Я пожал плечами. Вив скользнула мимо меня, сонно улыбаясь и волоча за собой овчину. У первой ступеньки Хэнк остановился; глаза его на мгновение встретились с моим взглядом: «Ммм… Ли… — Блестящие, как зеленое стекло, о чем-то молящие, но вот он снова опускает их и принимается рассматривать сломанный ноготь на большом пальце. — Жаль, что меня там не было». Я ничего не ответил — в этом мгновенном неуловимом взгляде я прочел больше чем вину, больше чем раскаяние.

— Правда, мне очень жаль — может, я мог бы чем-нибудь помочь. — Имея в виду: «А было чем?»

— Не знаю, Хэнк. — Имея в виду: «Ты и так сделал достаточно».

— Я все это время думал о ней. — Имея в виду: «Ты считаешь, я виноват?»

— Да. — Имея в виду: «Мы все виноваты».

— Ну ладно, — глядя на исковерканный ноготь, и пытаясь еще что-то сказать, еще что-то спросить, услышать, и не умея, — пожалуй, пойду дрыхать.

— Да, — готовый ко всему, чего он только ни пожелает, — и я.

— Спок-нок, Ли, — бормочет сверху Вив.

— Спокойной ночи, Вив.

— Привет, Малыш.

— Хэнк.

Имея в виду: «Спокойной ночи, но лучше останься». Вив, тихая и легкая, как сонный луч света, останься, поговори со мной еще своими глазами. Хэнк, забудь все, что я скрывал за словами, останься, скажи что-нибудь еще. Это наш шанс. Это мой шанс. В пользу любви или ненависти, но только чтобы я наконец мог выбрать и утвердиться в них. Останьтесь, пожалуйста; пожалуйста, останьтесь…

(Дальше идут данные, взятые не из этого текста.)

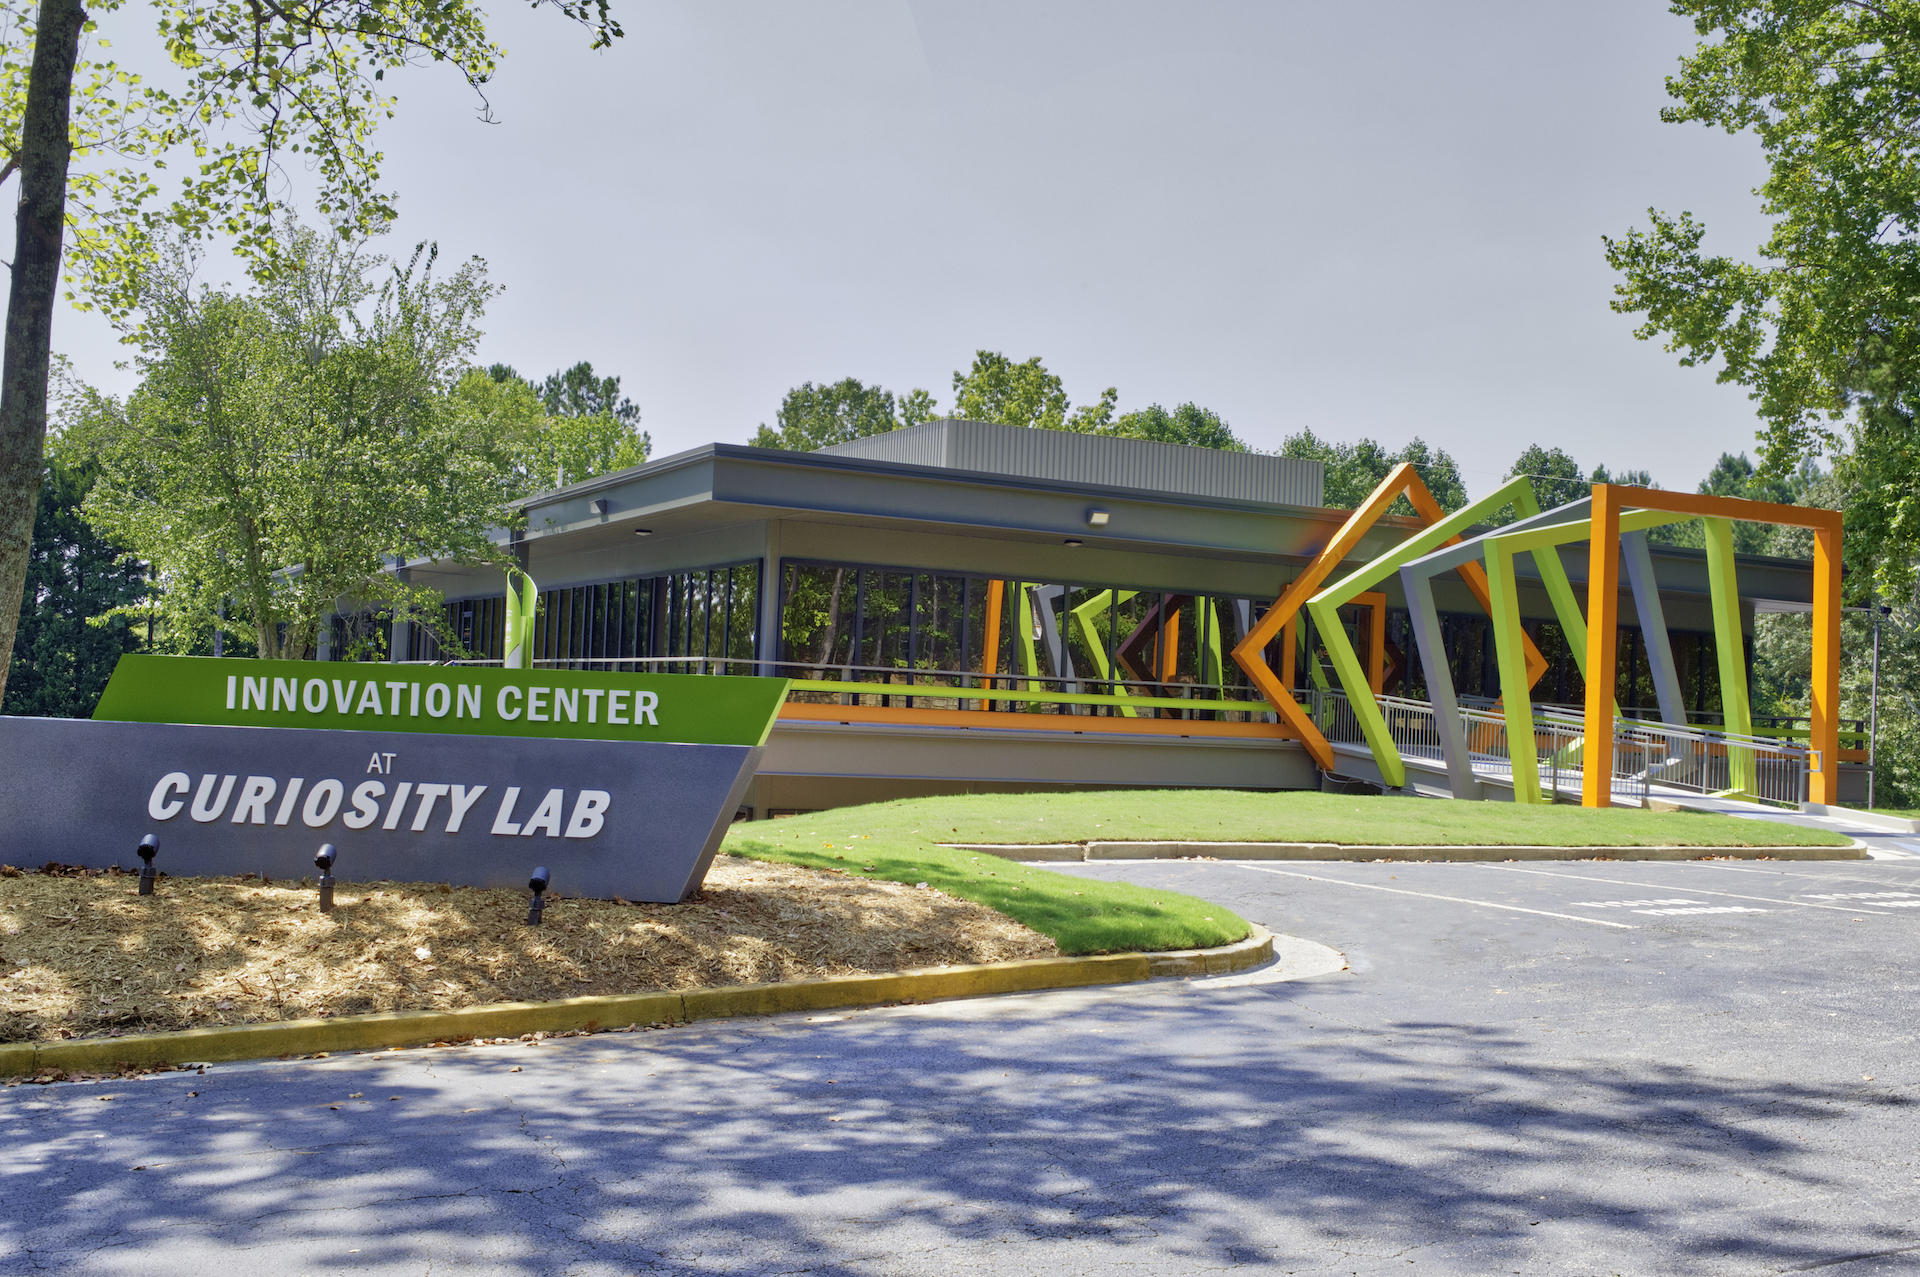 Curiosity Labs at Peachtree Corners is home to the 5G Connected Future incubator that will be managed by Georgia Tech's Advanced Technology Development Center (ATDC).

Но они уходят. Напугав, измучив и одарив меня своей близостью, бросают одного. Я в полной растерянности. Мне кажется, мы были так близко друг от друга сегодня и почему-то промахнулись. Он не рискнул идти дальше, и я не смог. Сквозь марево ежевичной каши и пьянящую кислоту напитка, в то время как мой брат со своей женой исчезают на лестнице, уходя в свою личную жизнь, спать, я оглядываюсь назад, на прошедший вечер, и думаю: «Сегодня у нас почти получилось. Немного смелости — и все бы получилось. В какое-то мгновение мы были очень близки — сердца наши набухли и созрели, открывшись трепещущим пальцам друг друга… Чуть-чуть бы нежного мужества в этот дивный момент — и все бы изменилось».

Но дыхание памяти все еще колеблет такие мгновения, приводя в движение всю паутину. Люди исчезают на ступенях лестницы, чтобы видеть сны друг друга о прошедших грядущих днях, о минувших близящихся ночах; о солнечных лучах, тяжело пересекающих расходящиеся по воде круги, как будто бессмысленные…

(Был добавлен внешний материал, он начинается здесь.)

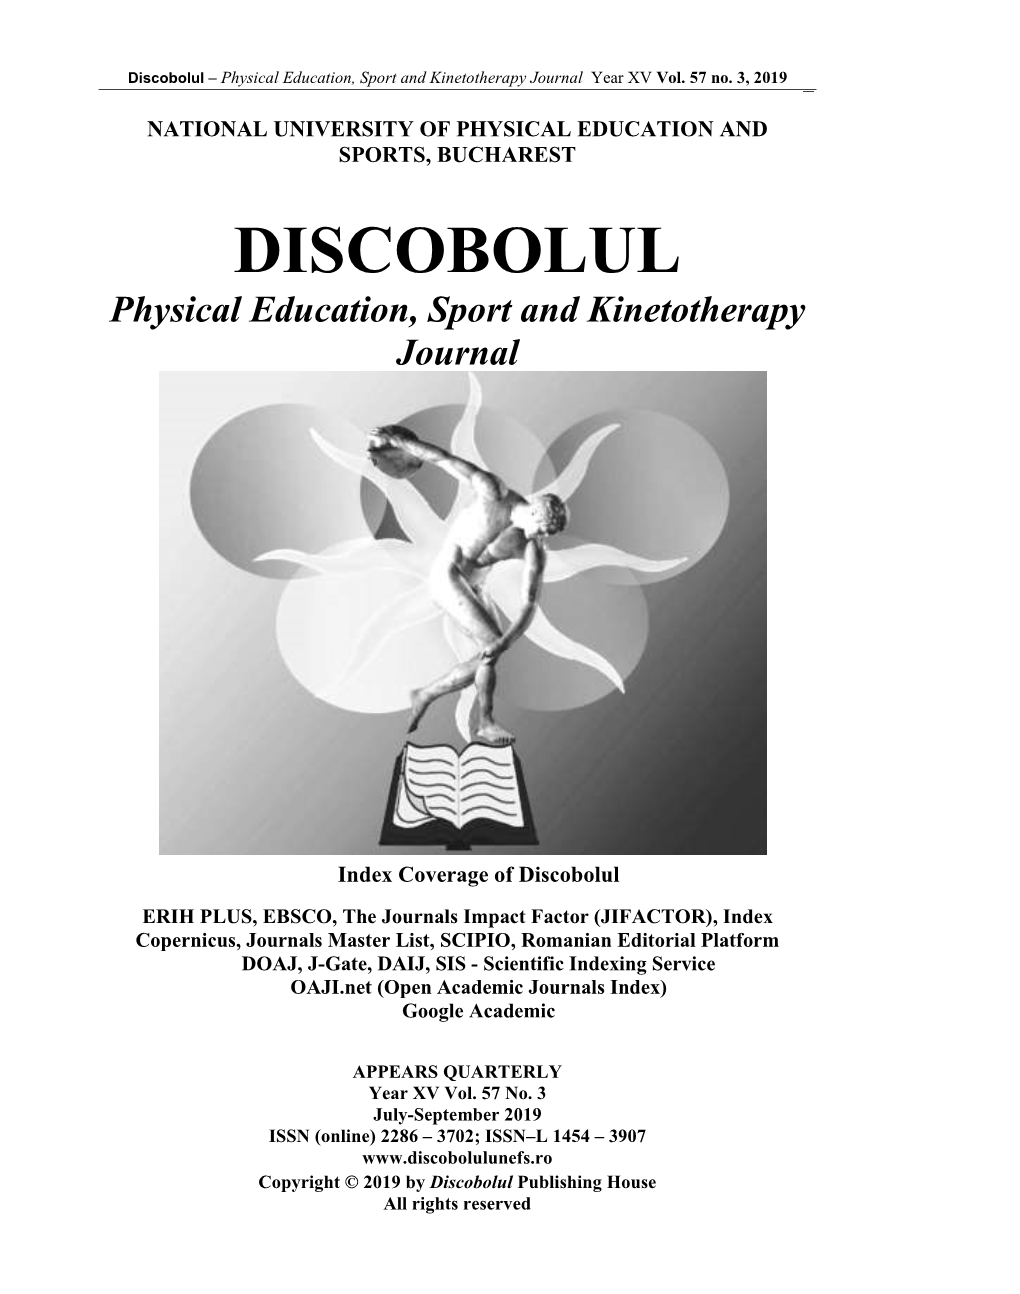 DISCOBOLUL Physical Education, Sport and Kinetotherapy Journal

Над зыбью реки взлетает лосось с красными плавниками и иссиня-зелеными полосами, трепещет в блестящей невесомости, с оглушительным всплеском падает на бок, снова взлетает и падает, и снова взлетает — словно пытаясь убежать от кошмара, преследующего его под водой. И, снова упав, на этот раз опускается на дно, чтобы спрятаться за камнем, изможденно прильнув брюхом к песку и сдавшись на милость тюленьим вшам, грызущим его плавники и жабры.

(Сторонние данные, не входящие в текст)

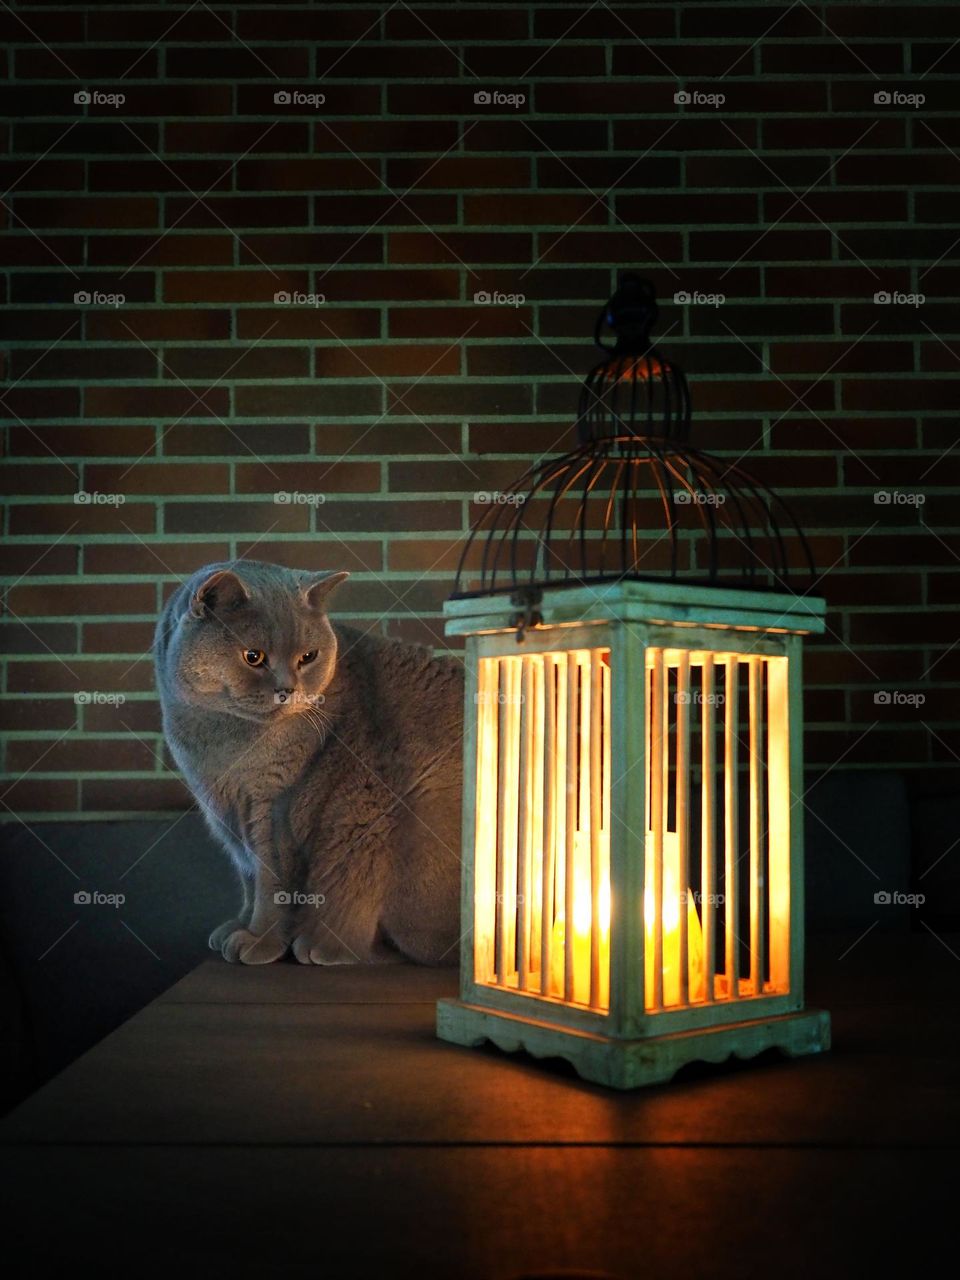 Night lights: the candle and the cat

Стаи черных крикливых ворон донимают кабанов. Зеленое пиво мерцает в пульсирующих отблесках плиты. Молли смотрит, как в белых морозных облаках теряется ее жизнь. Флойд Ивенрайт бранит себя за то, что не смог произвести должного впечатления на Джонатана Б. Дрэгера, и на чем свет стоит поносит Джонатана Б. Дрэгера за то, что тот такой внушительный и вынуждает Флойда думать о произведенном им впечатлении, а потом снова себя за то, что позволил Джонатану Б. Дрэгеру так важничать и требовать от кого-то соответствующего поведения… Виллард Эгглстон надеется. Симона молится. Виллард Эгглстон отчаивается. Грузовое судно подходит к Ваконде за последней партией леса и гудит вульгарным низким голосом, как механический дракон…

В «Пеньке» за исцарапанным столом у самого входа старый Генри с компанией дружков, гораздо более заинтересованных в бесплатной выпивке, чем в его рассказе, жует плохо подогнанными челюстями и глубоко вздыхает. Взяв кувшин за ручку, словно огромную кружку, он делает еще несколько глотков; он уже обратил внимание, что стоит ему налить себе в стакан, как кто-нибудь из присутствующих тут же осушает его, так что он решает не утруждать себя далее. Он умиротворенно сияет, чувствуя, что раздувшееся пузо требует ослабить ремень еще на одну дырку. Впервые в жизни у него находится время, чтобы выполнить свои столь долго игнорируемые общественные обязанности. Почти каждый день после несчастного случая он прислоняет свой костыль к стойке «Пенька», пьет, судачит о былом, спорит с Бони Стоуксом и смотрит, как большие зеленые радужные речные мухи сгорают в неоне витрины.

— Тсс! Послушайте…

Электрическое устройство Тедди неизменно восхищает старого Генри; и то и дело посредине какой-нибудь бурной преамбулы — глаза полузакрыты, блуждающая улыбка от наплывающих воспоминаний — он обрывает себя на полуслове: «Тссс! Тссс! Вот сейчас слушайте…» И, уловив приближающееся жужжание еще невидимой жертвы, обращает заросшее седыми волосами ухо к электросистеме. «Слушайте… Слушайте…» Голубоватая вспышка, и обугленный труп присоединяется к своим предшественникам, валяющимся на пороге. Генри шмякает костылем по столу.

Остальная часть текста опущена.